14 leading human rights groups including Amnesty International, Scholars at Risk and the Bahrain Institute for Rights and Democracy have issued a statement calling for the release of jailed Bahraini academic, blogger and human rights defender Dr Abduljalil AlSingace, who has been on hunger strike since 8 July 2021 to protest ill treatment and demand the return of a book he wrote in prison which was confiscated by prison authorities.
The letter states that the confiscation of Dr AlSingace’s book, upon which he dedicated at least four years of research, “is an unjust punishment” adding that “authorities must ensure the protection of his rights, including the return of his intellectual property.” The signatories go on to call “for Dr AlSingace’s immediate and unconditional release and for his work to be immediately given to his family.” Dr ASingace’s book, a study of Bahraini Arabic dialects, contains no political content but authorities have refused to return it, despite promises.
The letter also highlights the failure of Bahrain’s Ombudsman of the Ministry of Interior (the Ombudsman) to adequately investigate the seizure of Dr AlSingace’s research and ill treatment committed against him. They noted that the Ombudsman “cleared the prison officials from any wrongdoing” without interviewing Dr AlSingace and accused him of “smuggling” his own work. The Ombudsman and other Bahraini human rights oversight bodies, which receive training funded by the UK government, have been widely condemned for their failure to hold perpetrators accountable, including by the United Nations.
Dr AlSingace is serving a life sentence at Bahrain’s notorious Jau Prison over his role in Bahrain’s pro-democracy uprising during the 2011 Arab Spring.
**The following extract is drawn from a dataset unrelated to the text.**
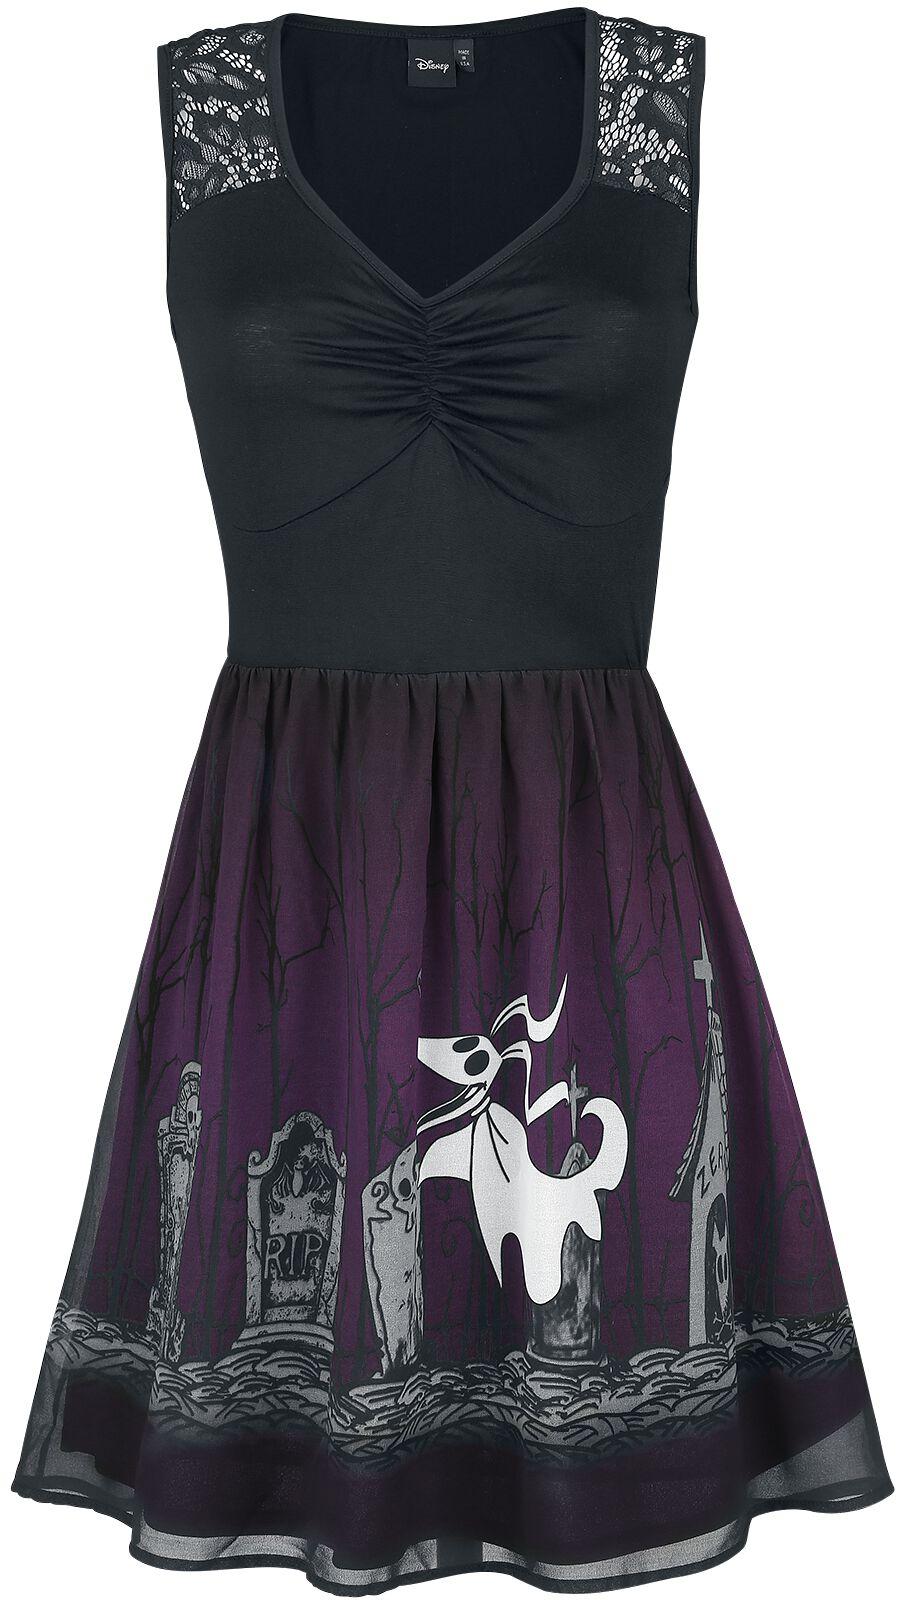 Zero | The Nightmare Before Christmas Short dress | EMP

He is a former lecturer in the Mechanical Engineering department at the University of Bahrain, with PhD from the University of Manchester Institute of Science and Technology, now the University of Manchester. In 2007, he was a Draper Hills Fellow at Stanford University’s Center on Democracy Development and the Rule of Law.
Dr AlSingace has several chronic illnesses, including post-polio syndrome and a musculoskeletal condition, requiring the use of crutches or a wheelchair, making his hunger strike particularly detrimental to his health. Since starting his hunger strike, he has lost at least 10kg and been transferred to an external hospital for monitoring. During his time in prison, he has repeatedly complained of medical negligence by prison authorities, a common form of punishment against political prisoners in Bahrain.
Following his arrest, Dr AlSingace was subjected to brutal torture following his arrest, including being repeatedly beaten, “sexually molested”, “forced to lick the shoes” of prison guards and threatened with the rape of his wife and daughter, amongst other violations, according to the Bahrain Independent Commission of Inquiry. The international community has called repeatedly for his release including the United Nations Special Rapporteurs on Human Rights Defenders, Human Rights Watch, Amnesty International, the Bahrain Institute for Rights and Democracy and American, British and European legislators.
Sayed Ahmed Alwadaei, Director of the Bahrain Institute for Rights and Democracy (BIRD), commented: “The confiscation of Dr AlSingace’s research is yet another cynical attempt to humiliate a brave leader who refuses to be cowed in the face of abuse. He has now spent a decade in prison for his peaceful resistance to Bahrain’s dictatorship and it is time for Bahraini authorities to end this petty persecution, return Dr AlSingace’s book and order his immediate and unconditional release.”
Husain Abdulla, Executive Director at Americans for Democracy and Human Rights in Bahrain (ADHRB), commented: “Bahrain's allies in the US and UK continue to remain silent in the face of Dr AlSingace’s unlawful imprisonment and the many abuses he has been subjected to. This glaring double standard exposes how shallow their professed commitment to human rights really is.”